**ACTIVITY:**
Before copying, set the pictures aside; then repeat every line below verbatim.

(COLLECTED DATA)

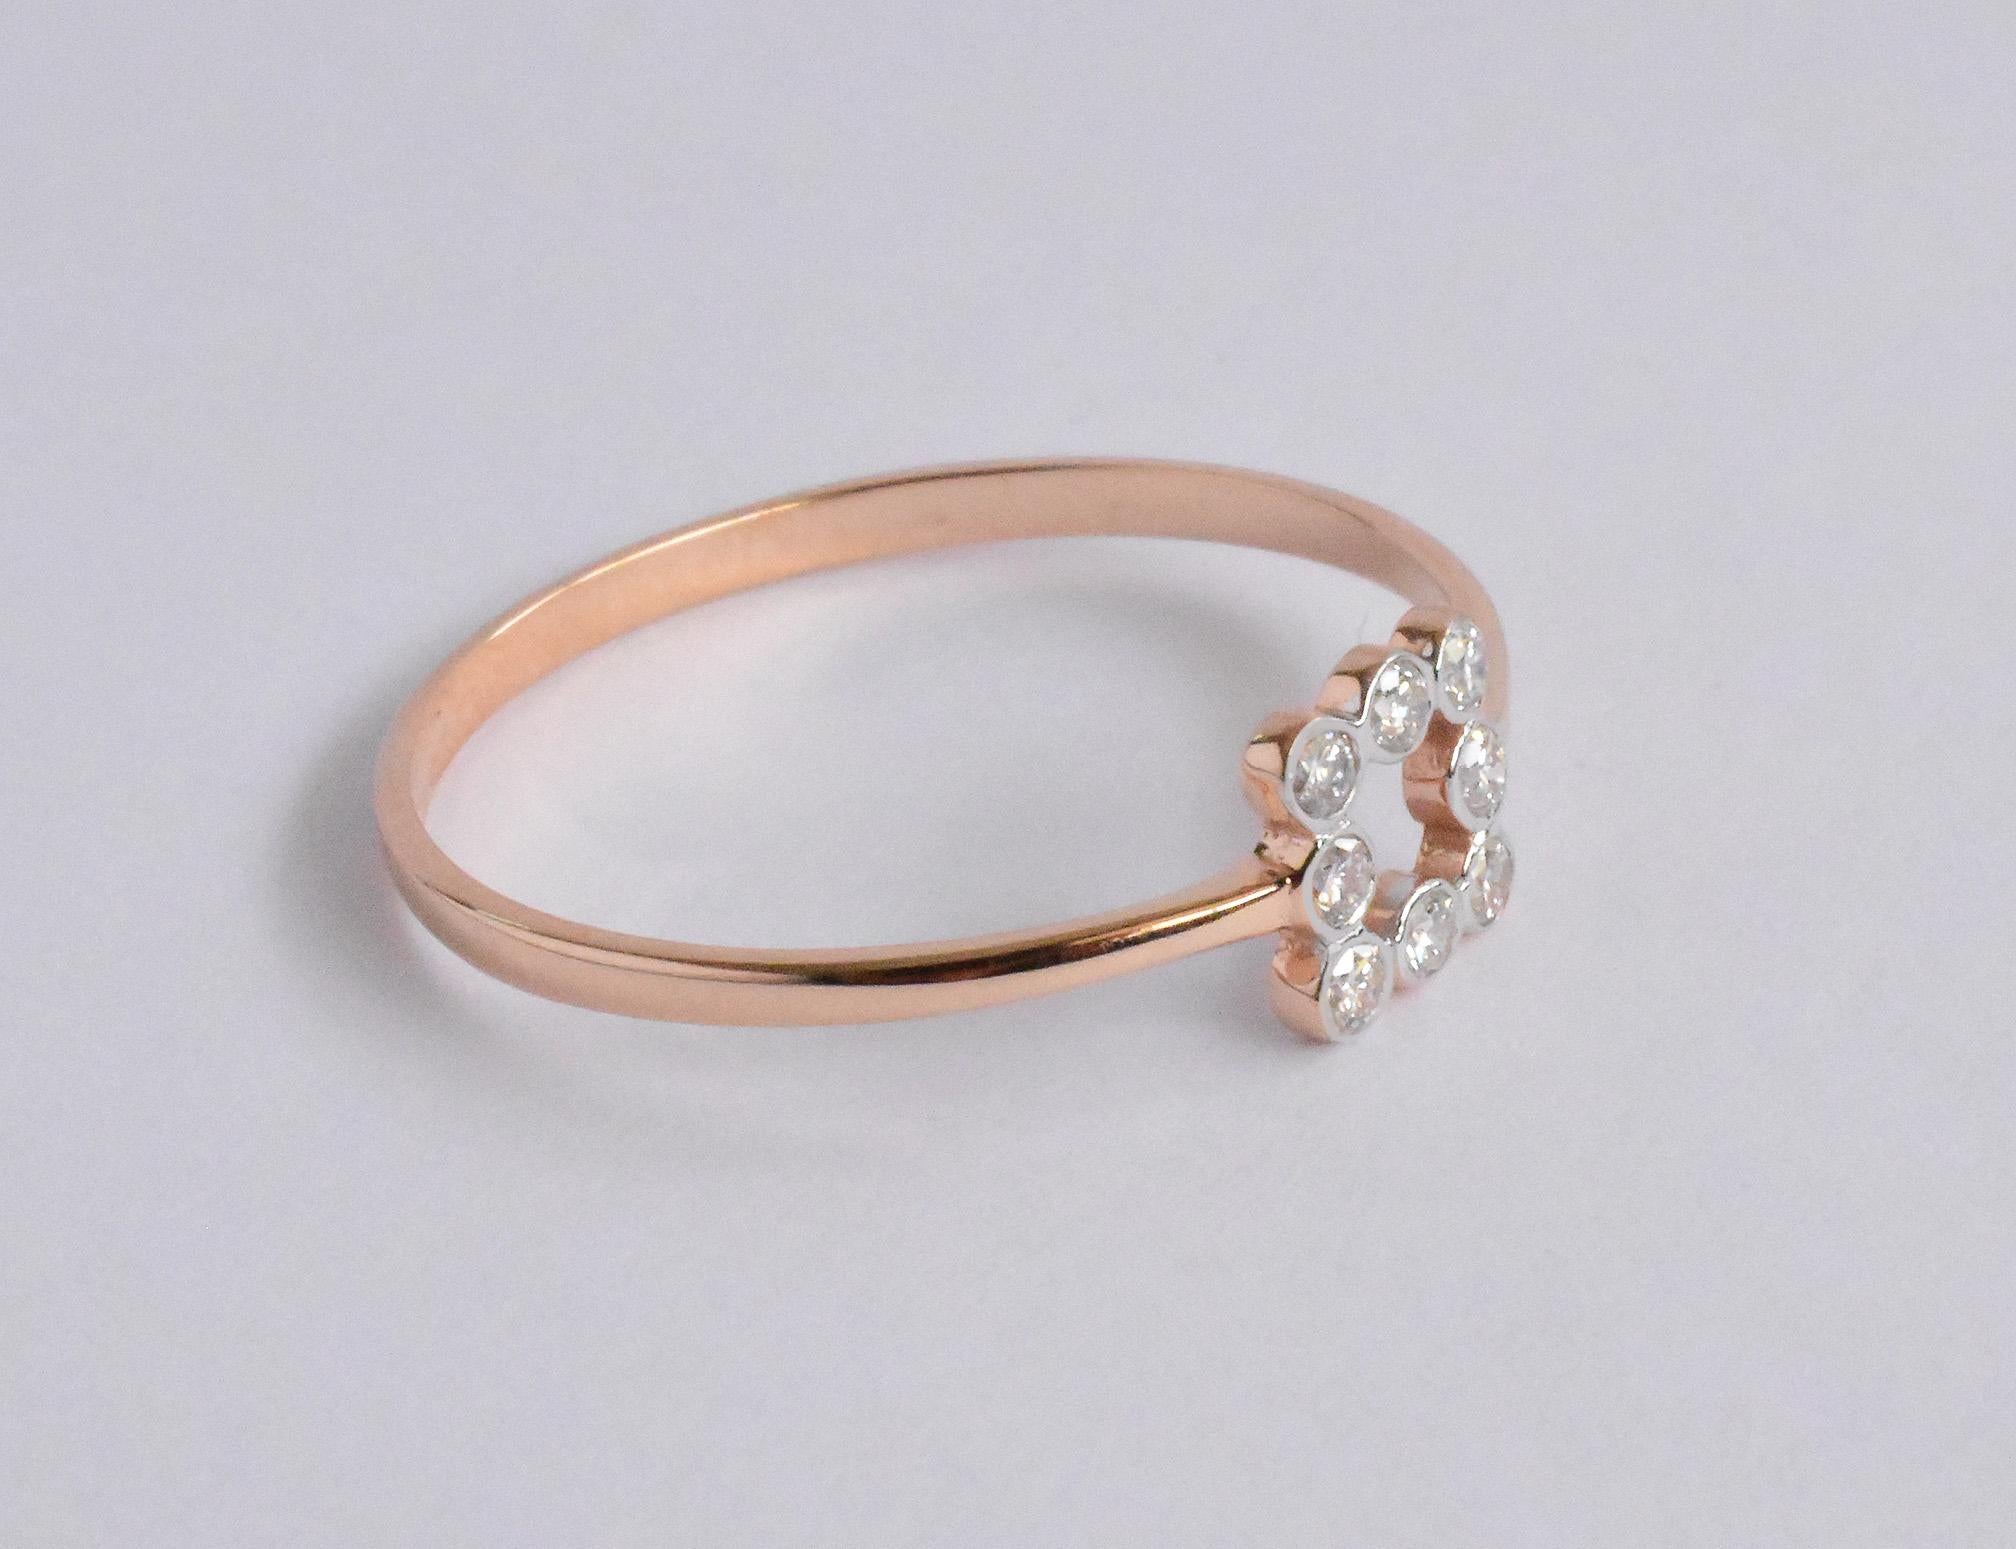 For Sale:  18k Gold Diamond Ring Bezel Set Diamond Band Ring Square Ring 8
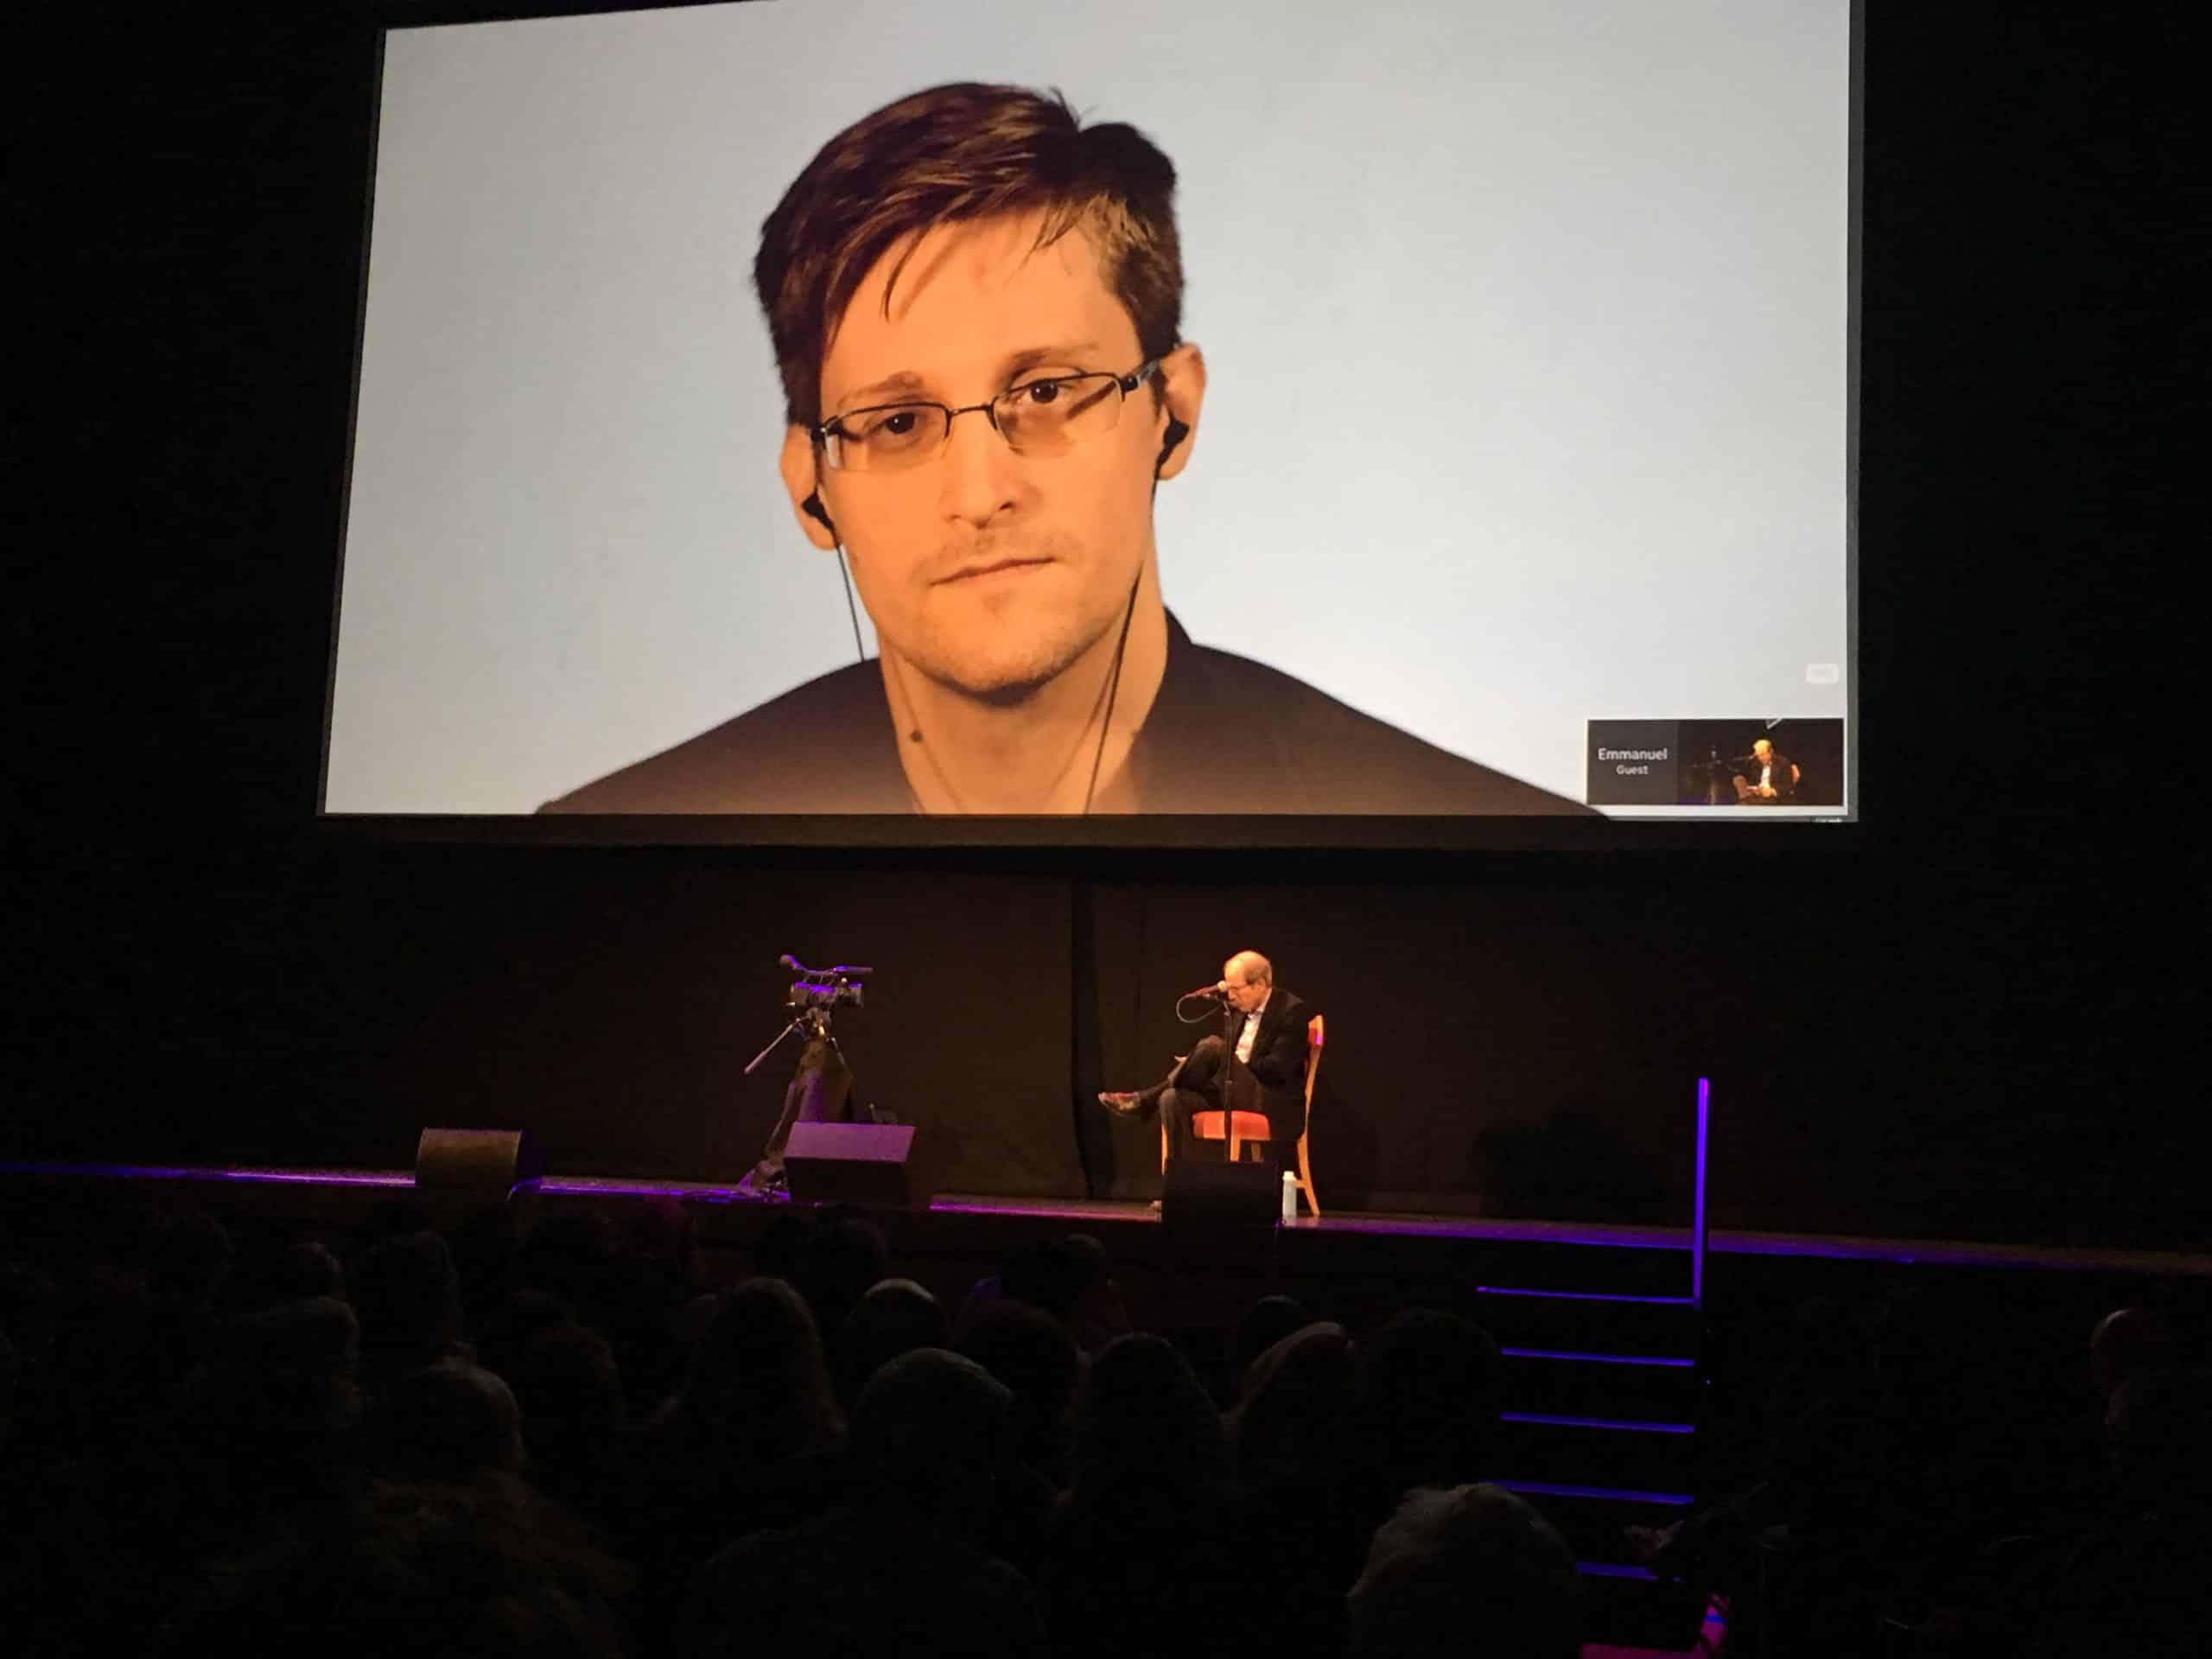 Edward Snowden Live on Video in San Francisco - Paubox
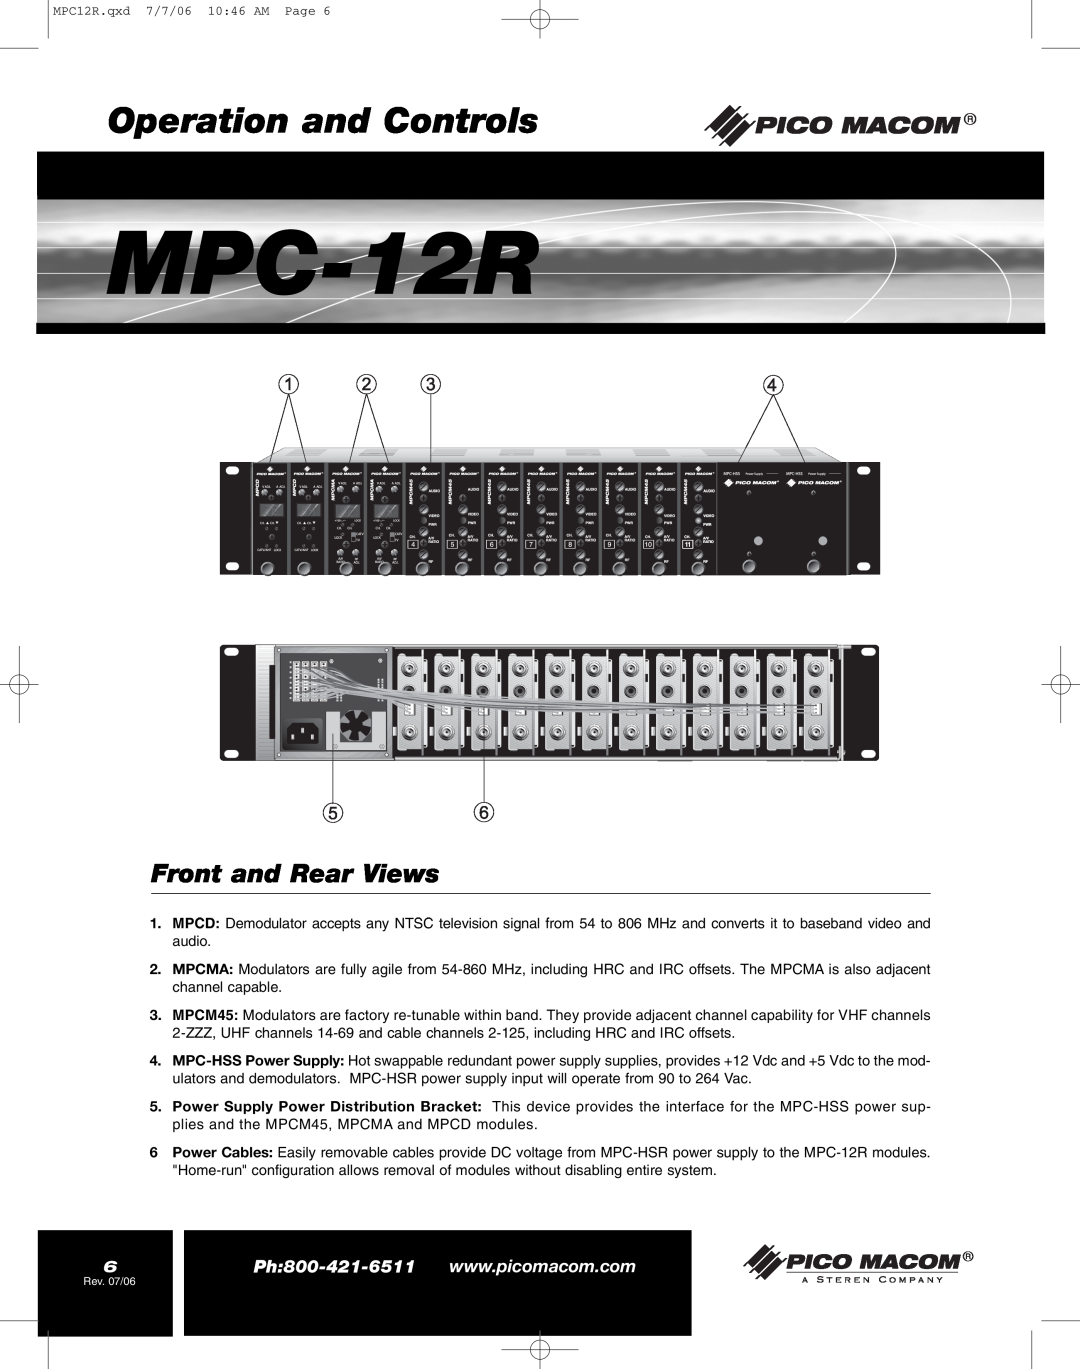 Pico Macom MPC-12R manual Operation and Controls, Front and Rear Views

(End COLLECTED DATA)

**OUTPUT FOR THIS EXERCISE:**
 For Sale:  18k Gold Diamond Ring Bezel Set Diamond Band Ring Square Ring 8
 Edward Snowden Live on Video in San Francisco - Paubox
 Pico Macom MPC-12R manual Operation and Controls, Front and Rear Views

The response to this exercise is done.